**RECORDS FOR THIS EXERCISE**.
========
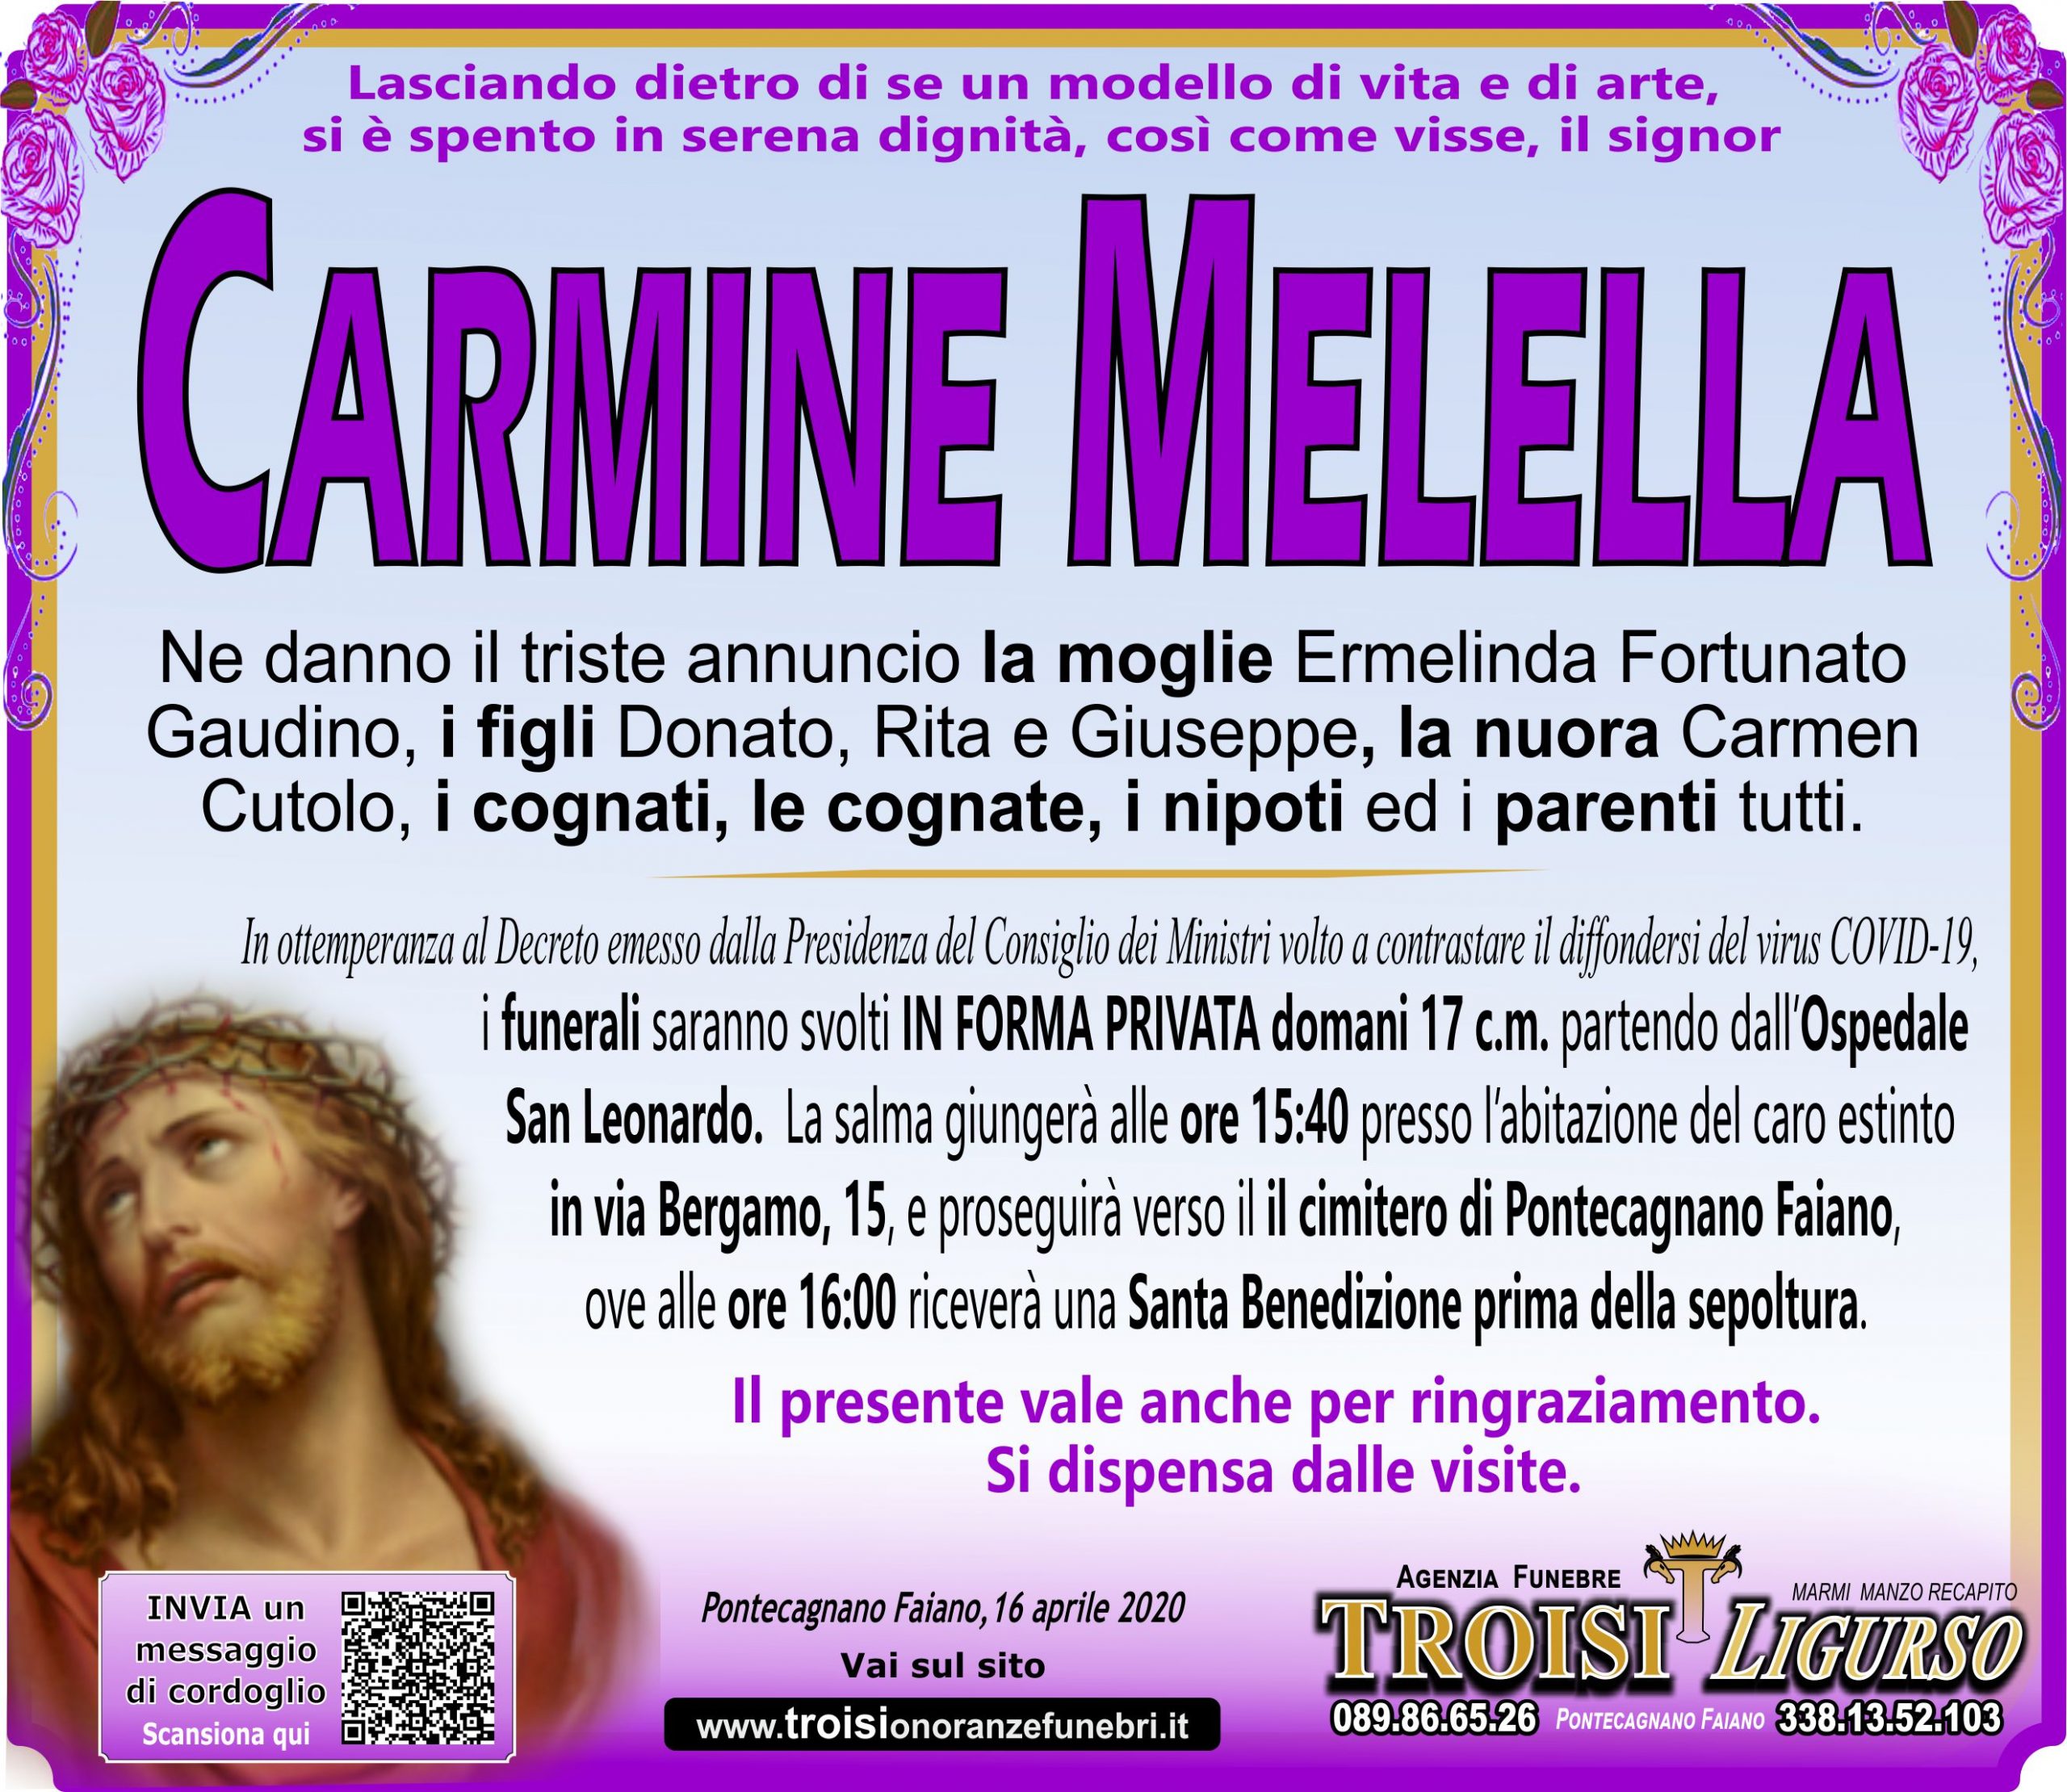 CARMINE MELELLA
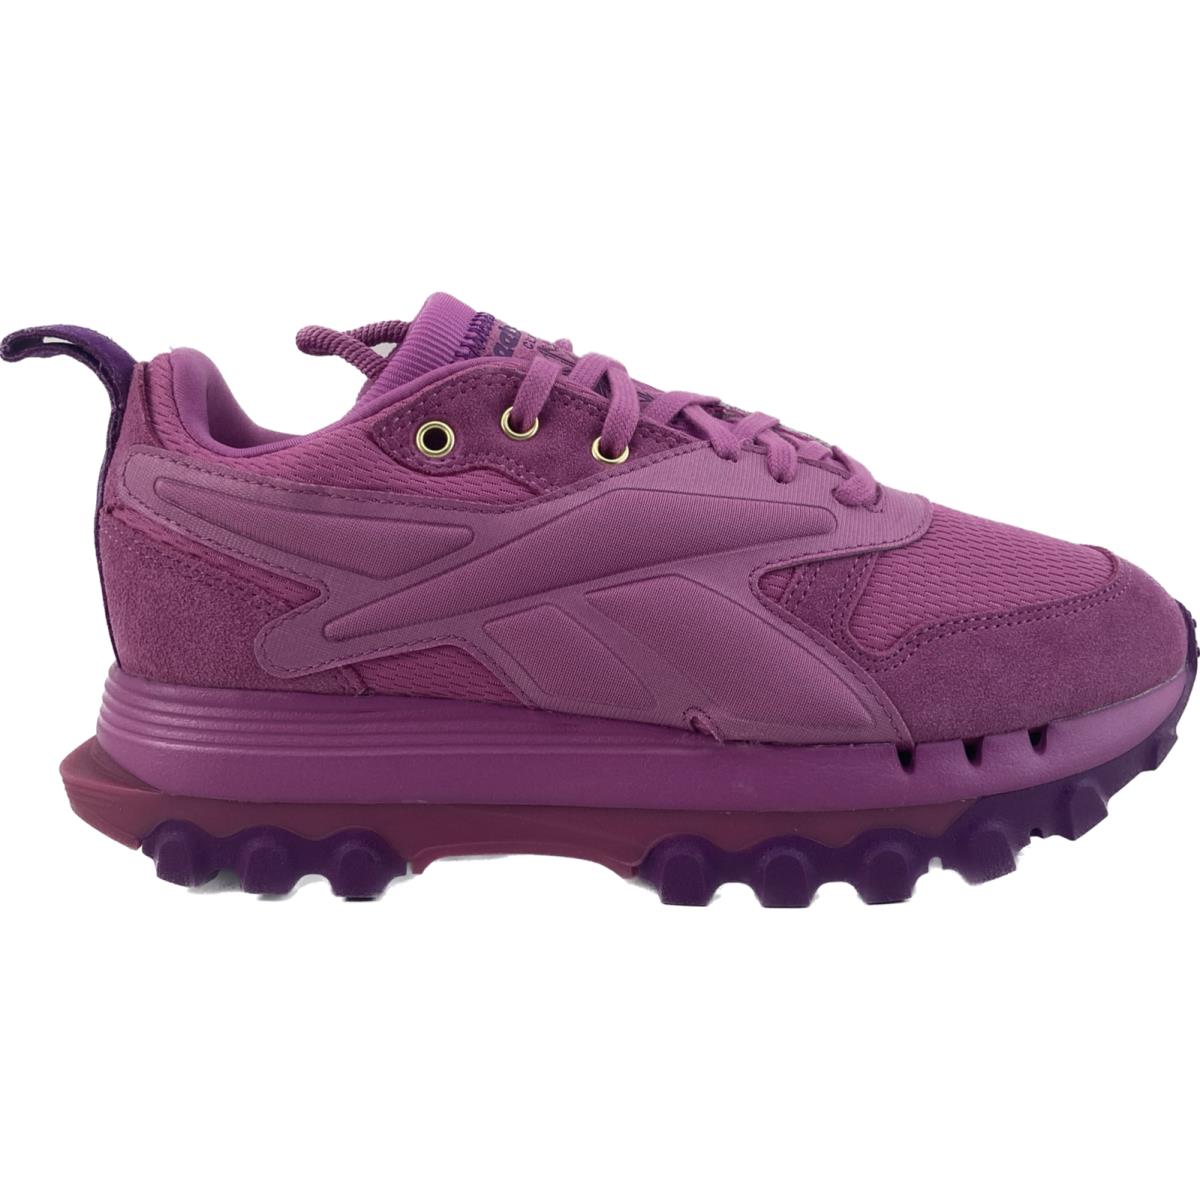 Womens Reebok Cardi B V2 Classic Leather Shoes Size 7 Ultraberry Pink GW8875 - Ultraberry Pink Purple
========
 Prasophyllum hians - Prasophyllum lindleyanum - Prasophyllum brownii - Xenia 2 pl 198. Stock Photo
========
**WORK INSTRUCTIONS**.
While skipping the pictures, transcribe the data above from the line showing "CARMINE MELELLA" through the line showing "Womens Reebok Cardi", exactly and with both ends.

**COMPLETED EXERCISE**.
 CARMINE MELELLA
 Womens Reebok Cardi B V2 Classic Leather Shoes Size 7 Ultraberry Pink GW8875 - Ultraberry Pink Purple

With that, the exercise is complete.